Couchbase SDK Connection — Shared Concepts

Platform-agnostic reference shared by all server-connection-* skills.


The One Rule: One Cluster Per Process

Create one Cluster object per application process and reuse it for the lifetime of the application. Creating a new Cluster per request pays TCP + TLS + auth overhead (50–500 ms) and leaks connections.

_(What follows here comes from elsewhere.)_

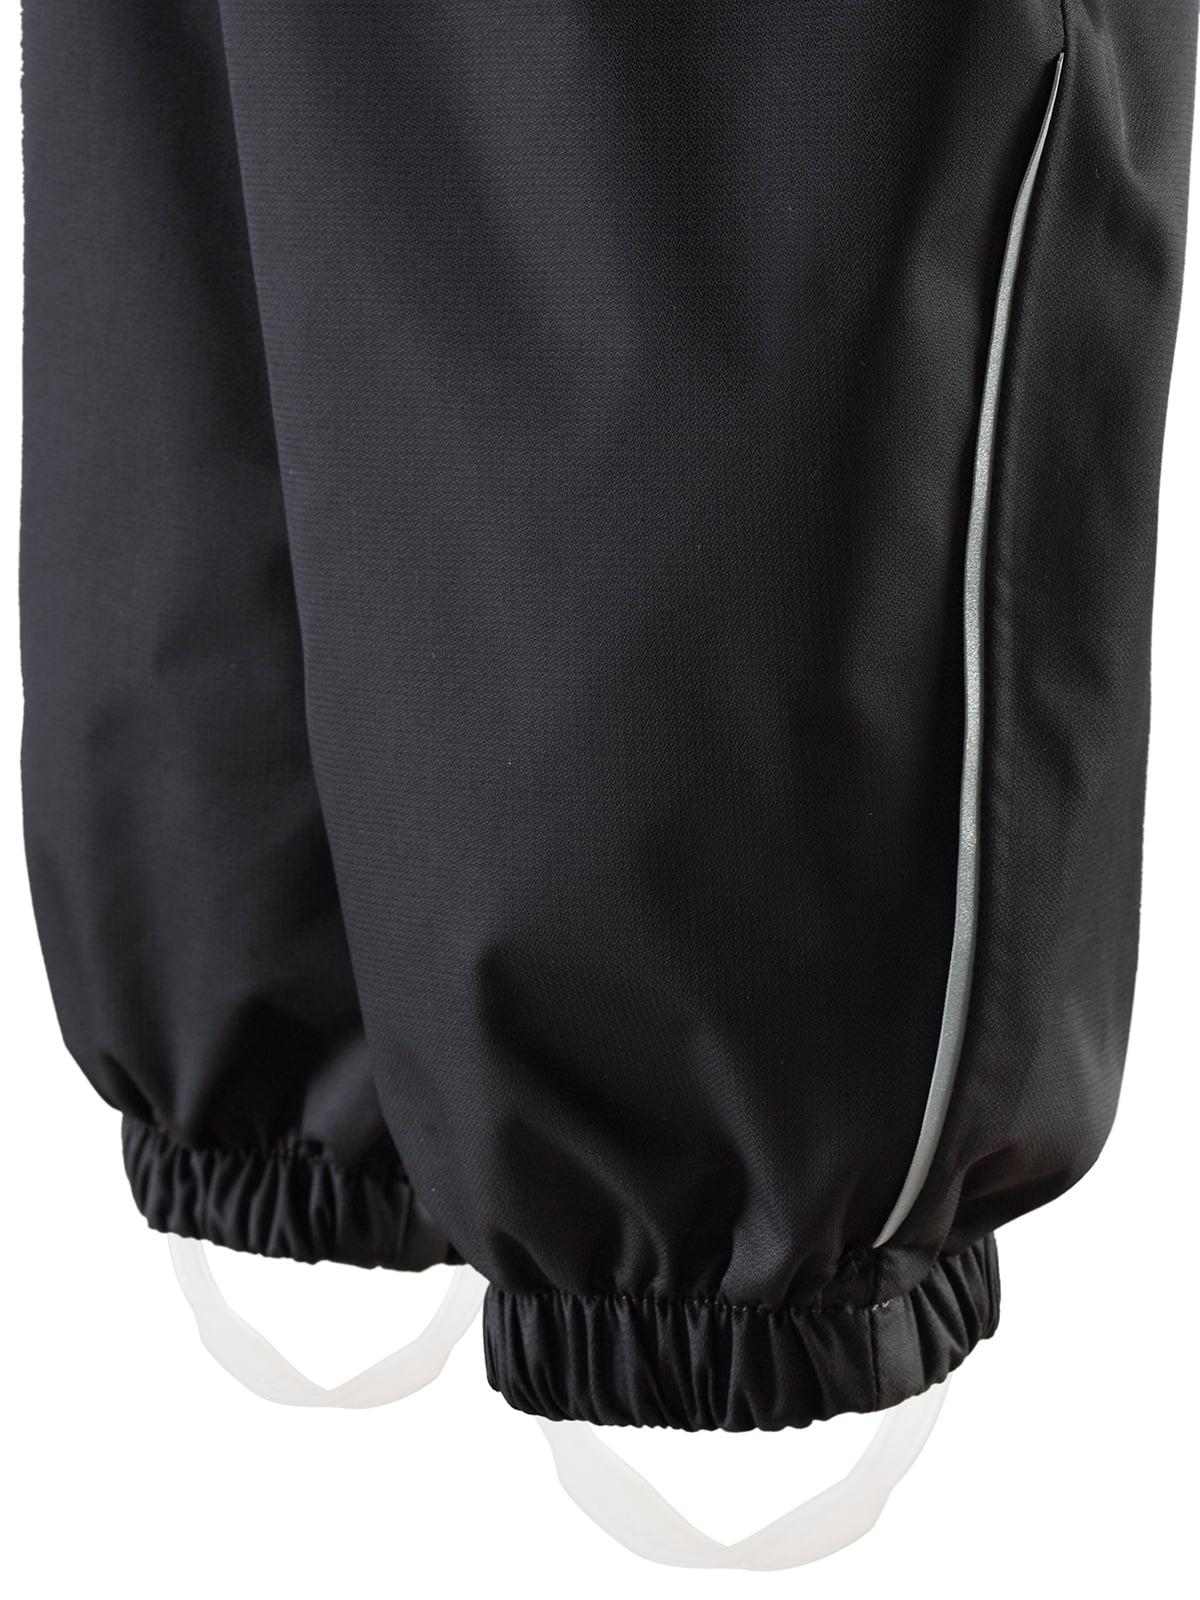 Комплект: вітрівка і штани | 4783525 | фото 4

The SDK maintains an internal connection pool to every data node. Reusing the Cluster object means reusing those connections. Destroying and recreating it on every request is the single most common cause of Couchbase performance problems in production.


Connection String Formats

couchbase://localhost                          # single node (dev/test)
couchbase://node1,node2,node3                  # multi-node (any node works as seed)
couchbases://cb.xxxxx.cloud.couchbase.com      # TLS — Capella or self-managed with TLS
  • couchbase:// — plaintext, port 11210 for KV, 8091 for management
  • couchbases:// — TLS, port 11207 for KV, 18091 for management
  • Capella always requires couchbases:// and a valid TLS certificate

Timeout Semantics

All SDKs expose the same logical timeouts under different names:

Concept What it covers Recommended default
Connect timeout Initial TCP + TLS + auth + topology fetch 10 s
KV timeout Single key-value operation (get, upsert, etc.) 2.5 s
Query timeout N1QL / SQL++ query execution 75 s
Search timeout Full-text or vector search query 75 s
Analytics timeout Analytics (CBAS / columnar) query 75 s
Management timeout Admin API calls (bucket create, index create) 75 s

When to adjust:

  • Increase connect_timeout only in high-latency or slow-DNS environments
  • Increase kv_timeout only if P99 KV latency data justifies it — a high timeout masks cluster health problems
  • Increase query_timeout for known long-running analytical queries; keep it low for OLTP
  • Never set timeouts to 0 or very large values in production

Serverless / Cloud Functions

The Cluster must be initialized outside the handler function to survive across warm invocations. Cold starts pay the connection cost; warm invocations reuse the existing connection.

Key points:

  • Use a module-level or static variable to hold the Cluster / Collection reference
  • Call waitUntilReady / WaitUntilReady once during initialization, not per request
  • Set connect_timeout to 10 s and kv_timeout to 2.5 s — serverless functions have strict execution budgets
  • Store credentials in environment variables, not in code

See references/deployment-scenarios.md in each language skill for scenario-specific timeout values and code examples.


Durability Levels

Durability controls how many nodes must acknowledge a write before it is considered successful.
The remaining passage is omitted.